Wir hoffen, dass diese Informationen sich als nützlich für Ihre tägliche Praxis erweisen, unabhängig davon, ob Sie und Ihre Patienten direkt von COVID-19 betroffen sind, oder nicht.

  1. Angesichts der Größe der Pandemie könnten Lungenfibrosen nach COVID-19 zu einem beträchtlichen Problem für die Gesundheitssystem werden. Um eine zweite Mortalitäts-Welle durch adäquate Versorgung und Interventionen zu vermeiden, sollte deshalb schnell geklärt werden, ob die Überlebenden eine Lungenfibrose entwickeln.
  2. Der Leiter von Beijings kommunaler Kommission für Wissenschaft und Technologie, Xu Qiang, hat berichtet, dass man 21 Projekte als Reaktion auf die COVID-19-Pandemie gestartet hat, darunter zwei klinische Studien der Phase 2 zur Impfstoffentwicklung.
  3. Kürzlich veröffentlichte Arbeiten französischer und deutscher Forscher legen nahe, dass hämatopoetische Stammzellen ein Immungedächtnis haben – ein Befund, der die Erforschung von Maßnahmen gegen SARS-CoV-2-Infektionen beflügeln könnte.
  4. Die französische Gesundheitsbehörde hat ein 14. Mai ein epidemiologisches Update vorgelegt, wonach in dem Land 65.000 Mitarbeiter des Gesundheitswesens von COVID-19 betroffen sind; vor allem Krankenschwestern und Pfleger.
  5. Die Ausbreitung von COVID-19 in Deutschland wurde in 3 Stufen durch Maßnahmen der sozialen Distanzierung verringert. Um die Reproduktionsrate unter 1 zu drücken, hat es allerdings das Kontaktverbot gebraucht, so das Ergebnis einer Modellrechnung.
  6. Das Institut für Qualität und Wirtschaftlichkeit im Gesundheitswesen (IQWIG) und Cochrane Deutschland haben einen offenen Brief an die EMA geschickt, in dem sie fordern, klinische Studienberichte zu allen Arzneimitteln und Impfstoffen gegen COVID-19 vollständig und unmittelbar mit dem Tag der Marktzulassung zu veröffentlichen.

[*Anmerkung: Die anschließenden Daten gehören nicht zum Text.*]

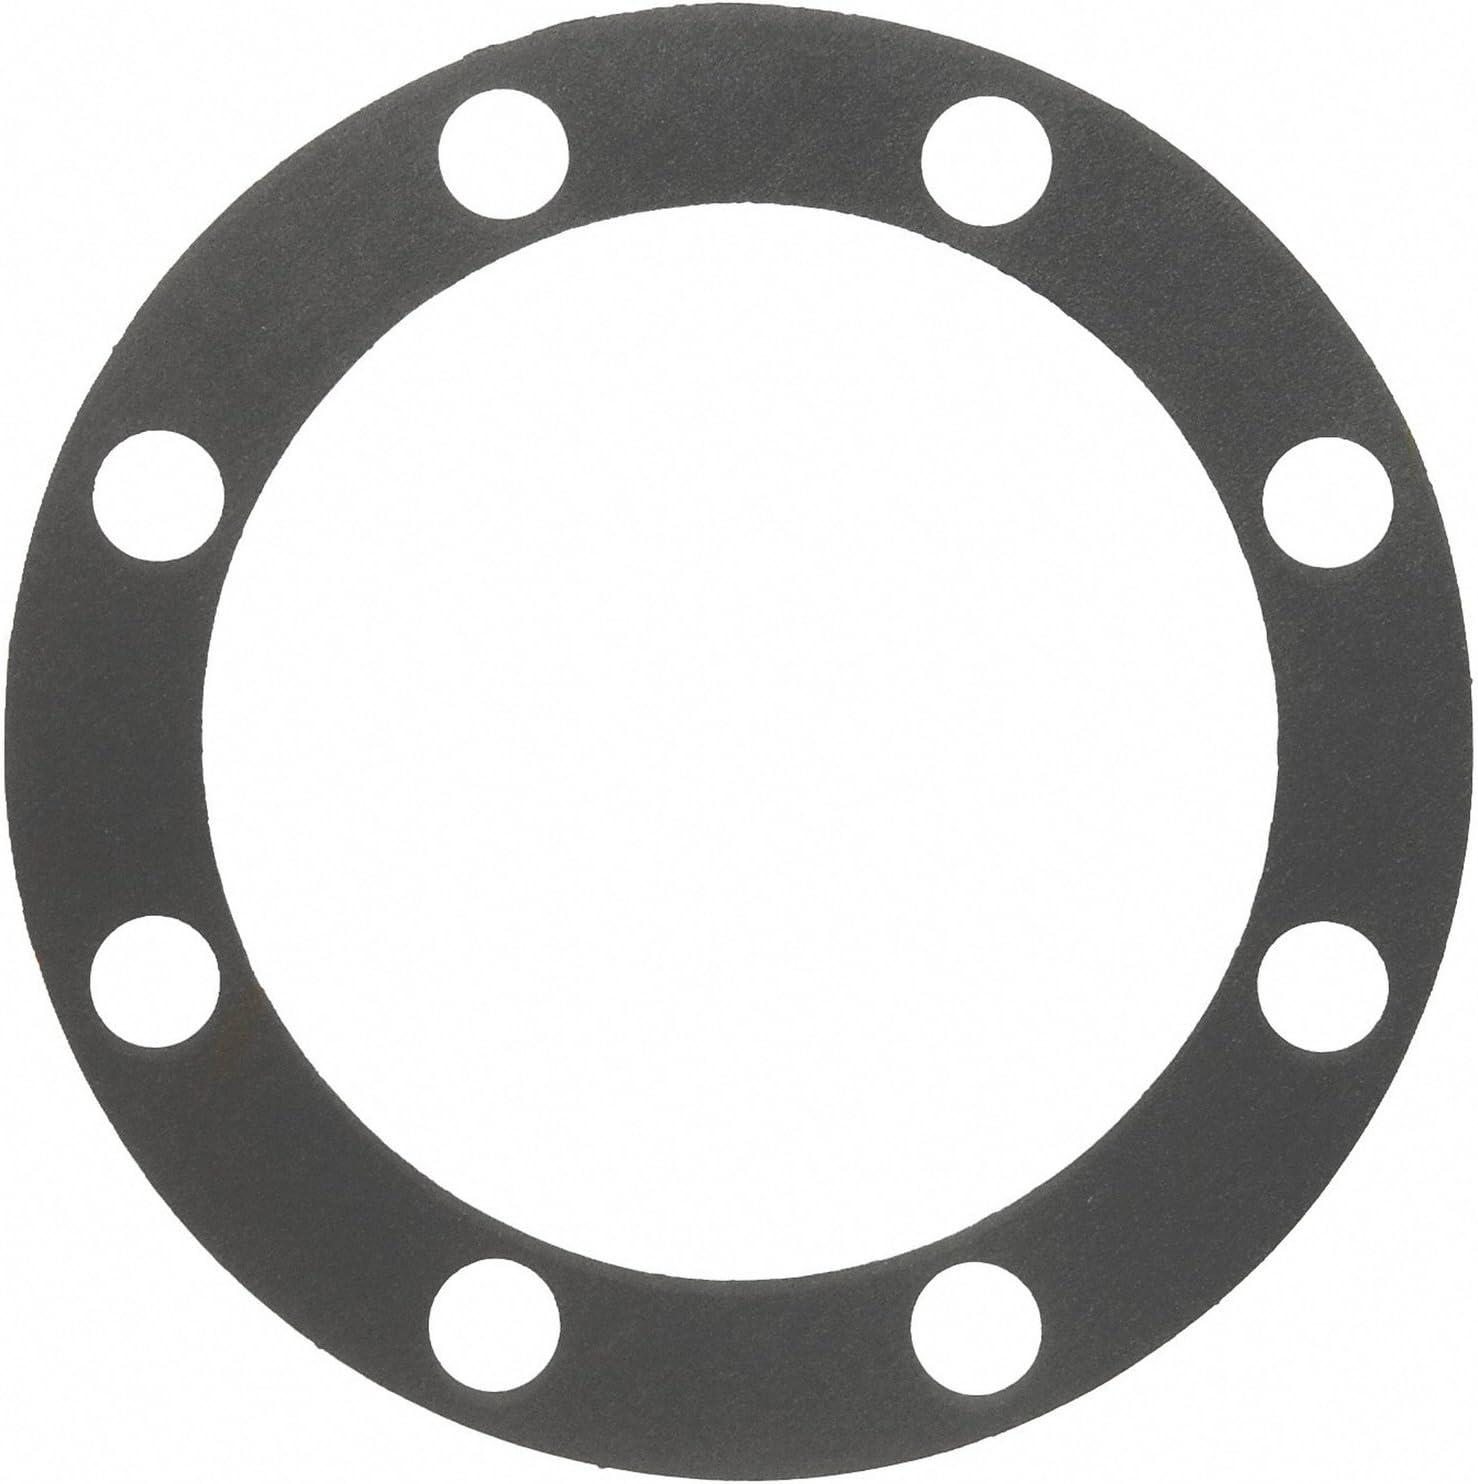 Fel-Pro 55328 Axle Flange Gasket

  7. Einen auf drei Laborparametern beruhenden Algorithmus zur Früherkennung schwerer Verläufe von Nephritis bei COVID-19 haben deutsche Forscher vorgelegt.

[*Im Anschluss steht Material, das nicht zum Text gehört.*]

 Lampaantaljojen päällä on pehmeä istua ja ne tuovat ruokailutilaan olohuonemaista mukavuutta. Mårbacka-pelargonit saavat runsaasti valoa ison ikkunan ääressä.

  8. Seit dem 21 Mai gilt in Spanien eine Maskenpflicht für alle Personen über 6 Jahren, wodurch die Prävention verbessert und das Land zur Normalität zurückfinden soll.
  9. In Mailand hat eine Untersuchung von Blutspendern neue Erkenntnisse zur Ausbreitung des Virus in der Stadt und in der Provinz erbracht. Demnach ist SARS-CoV-2 in Mailand bereits zum Zeitpunkt des Ausbruchs in der Lombardei (24. Februar) zirkuliert. Am 8. April hätten zwischen 4.4 und 10.8 Prozent der gesunden Erwachsenen Anzeichen für eine Serokonversion gezeigt. Maßnahmen zur sozialen Distanzierung erwiesen sich unter jungen Menschen am wirksamsten.